= Data supplied =
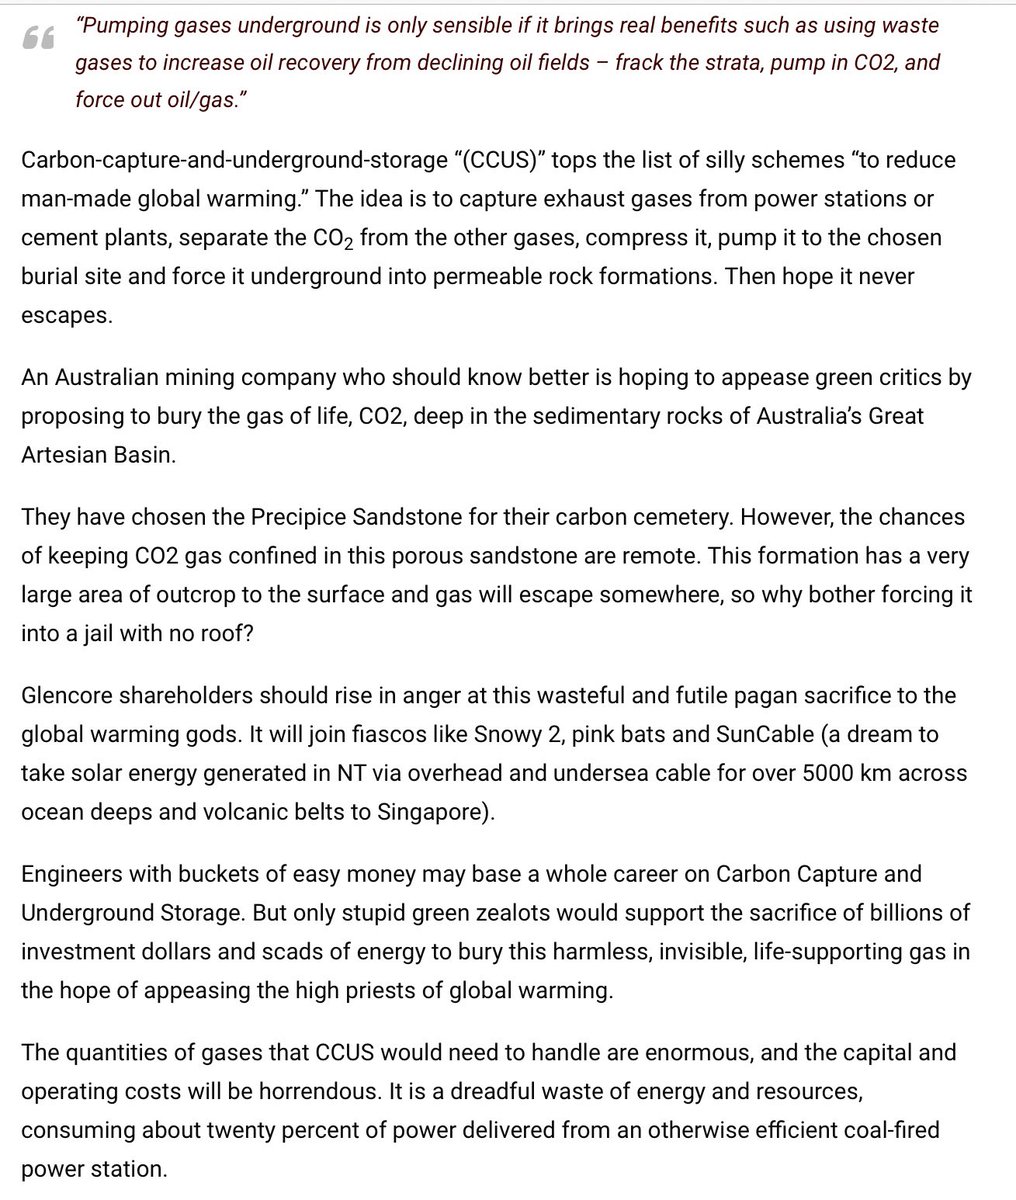 Carbon capture.
Yet another green energy scam.
Artificially raising the cost of fossil fuels.
#renewables #CostofNetZero #ClimateBrawl #ClimateScam 

wattsupwiththat.com/2024/05/17/the…
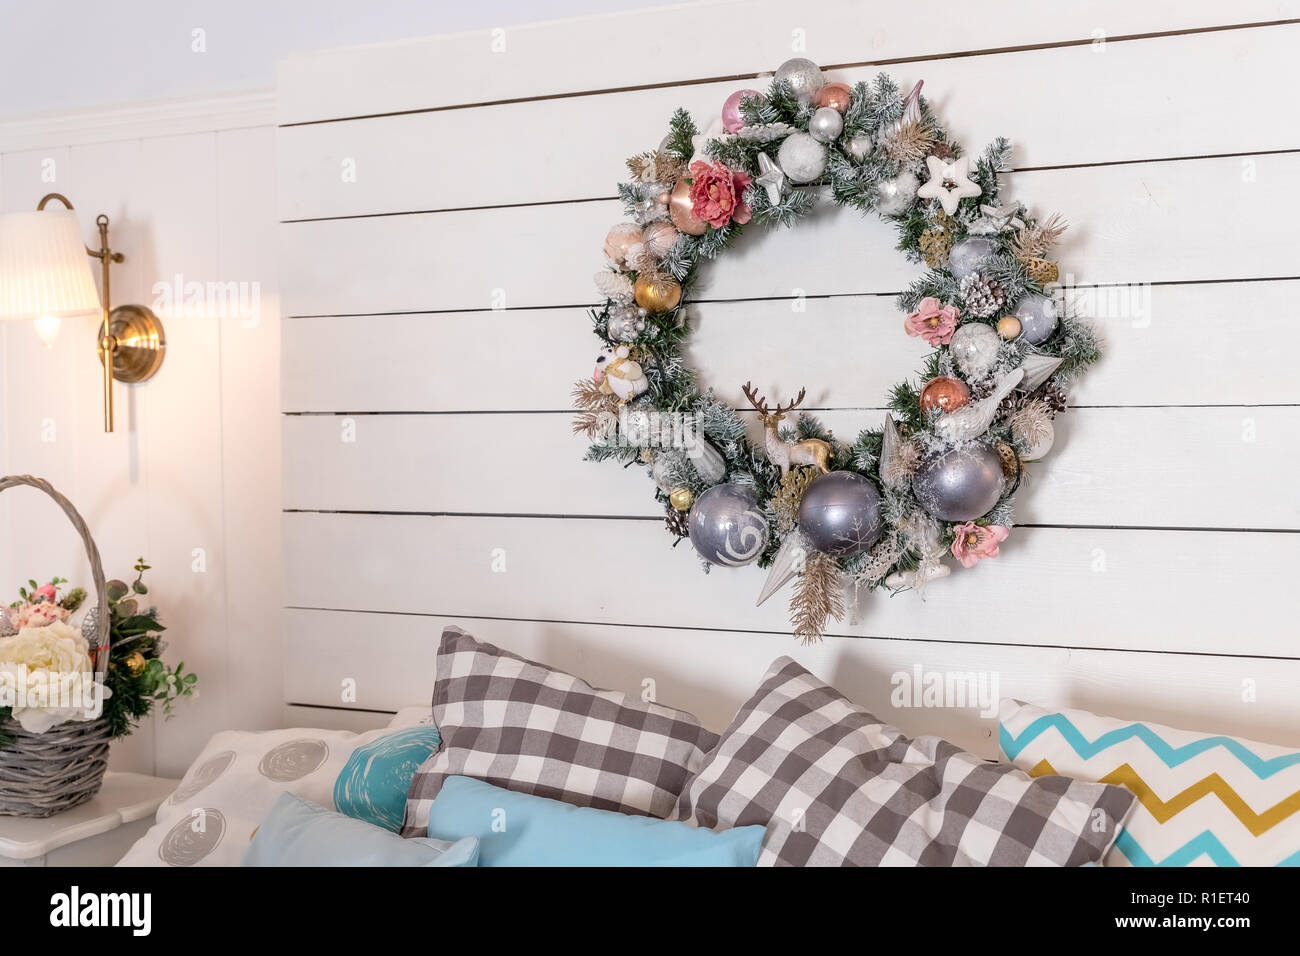 Wreath Of Christmas Balls Above The Bed New Year Decoration
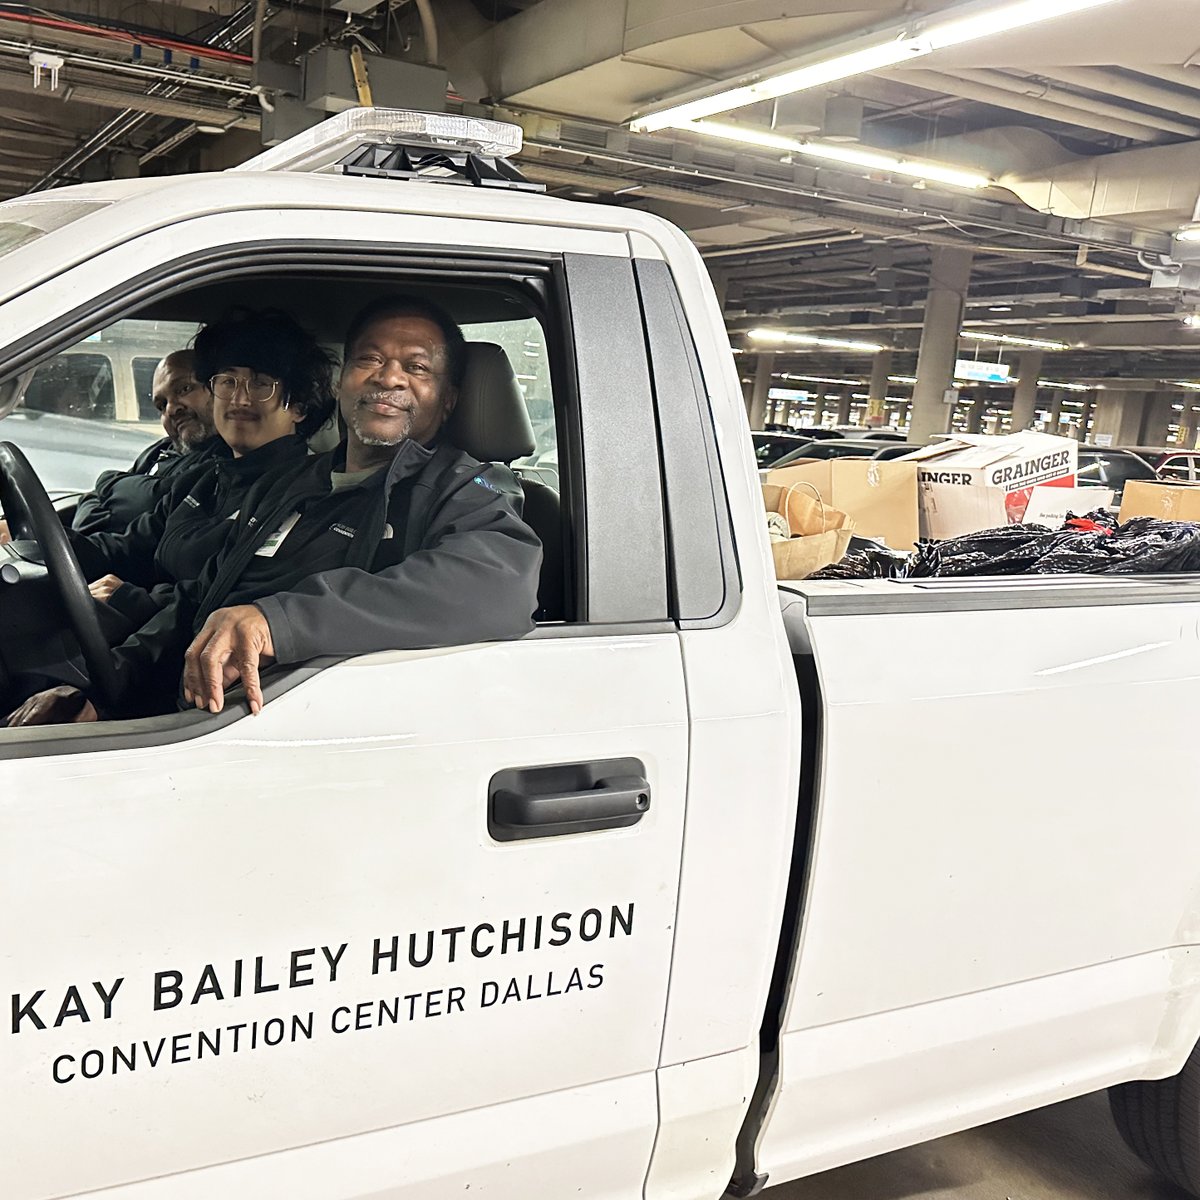 Celebrating #WomensHistoryMonth with style. Yesterday, #TeamKBHCCD filled a whole truck 🚚 with women's, men’s and children's clothing donations for @DallasLIFE! What a strong finish to the month! 💪👏
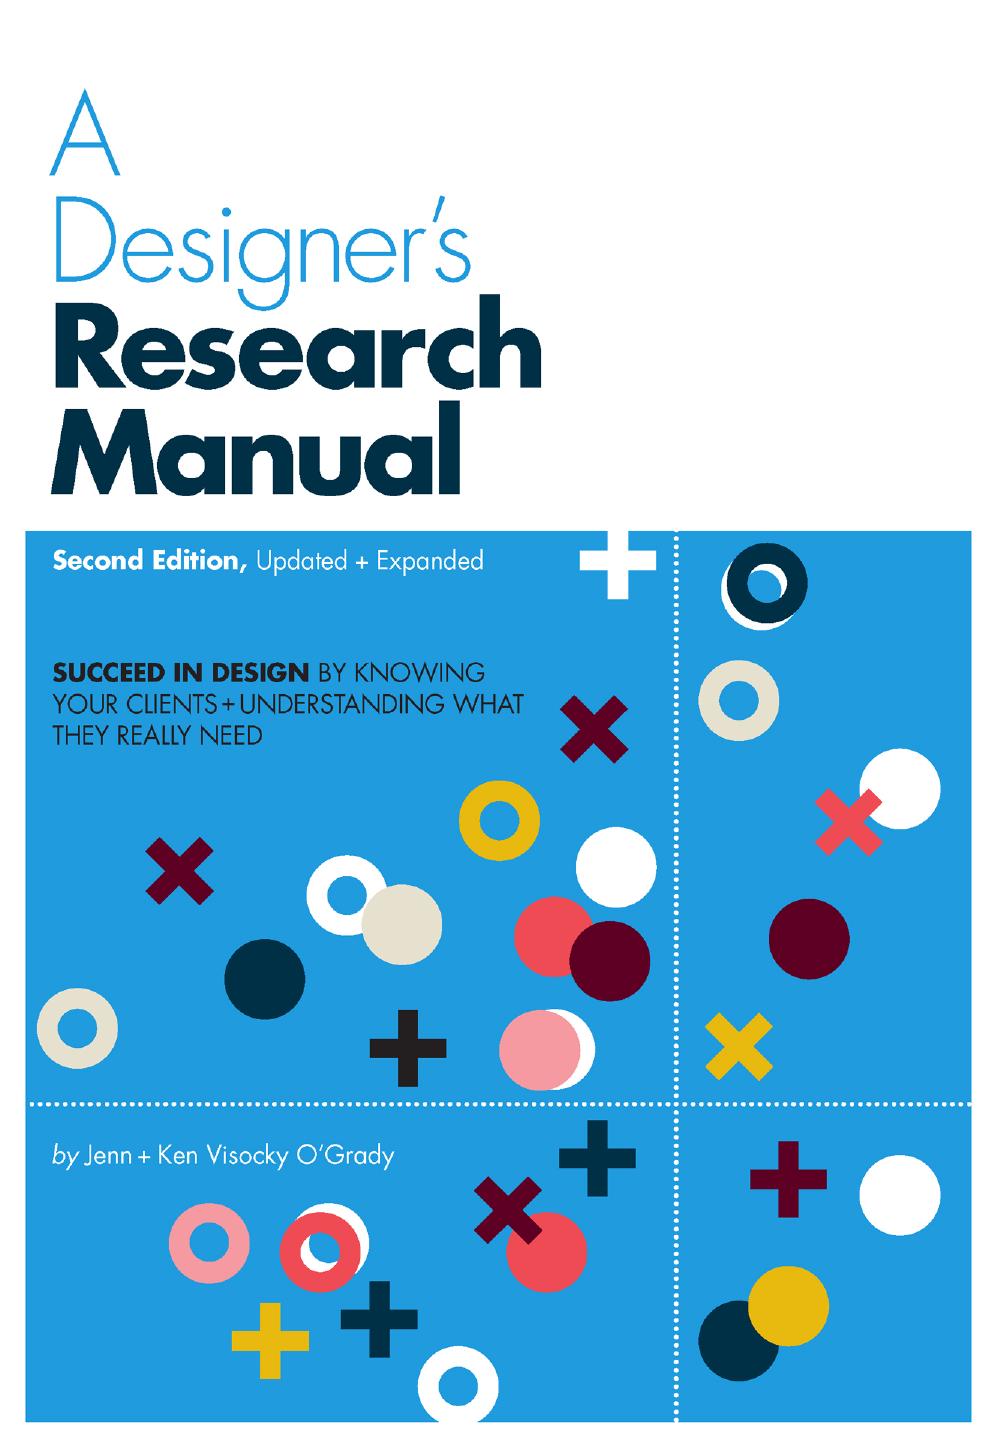 A Designer's Research Manual, 2nd edition, Updated and Expanded by Jenn Visocky O'Grady and Ken Visocky O'Grady
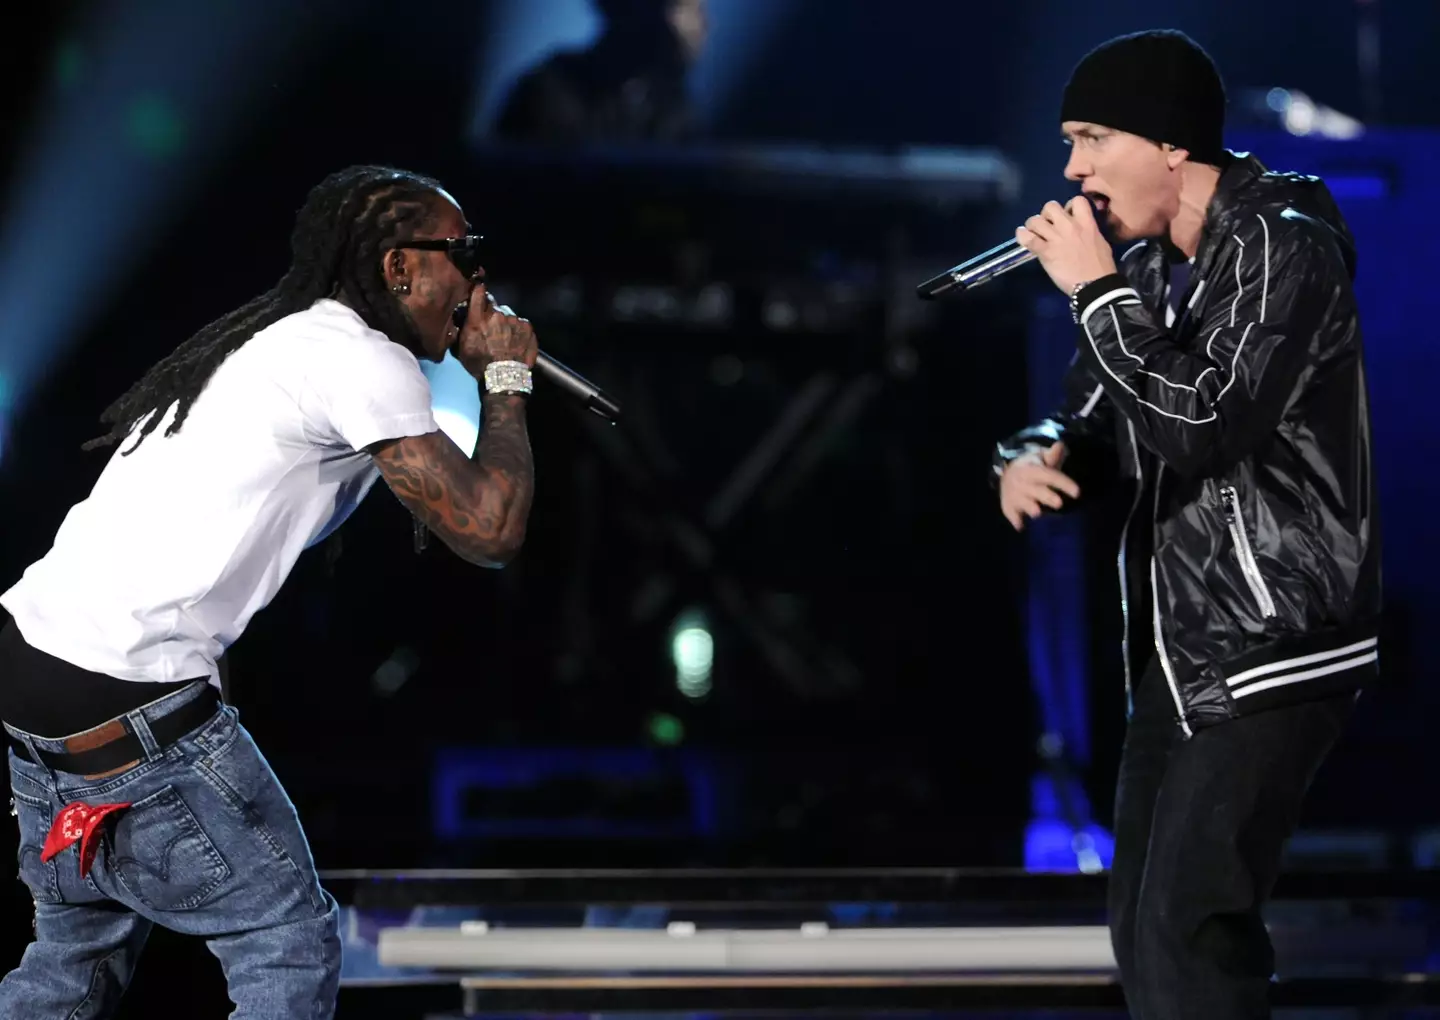 Lil Wayne and Eminem first worked together on 'Forever' with Drake and Kanye West.

= Brief =
Only the lines from the one holding "Celebrating #WomensHistoryMonth with" through the last line of the records should be output, please, exactly and without any pictures.

= Completed exercise =
 Celebrating #WomensHistoryMonth with style. Yesterday, #TeamKBHCCD filled a whole truck 🚚 with women's, men’s and children's clothing donations for @DallasLIFE! What a strong finish to the month! 💪👏
 A Designer's Research Manual, 2nd edition, Updated and Expanded by Jenn Visocky O'Grady and Ken Visocky O'Grady
 Lil Wayne and Eminem first worked together on 'Forever' with Drake and Kanye West.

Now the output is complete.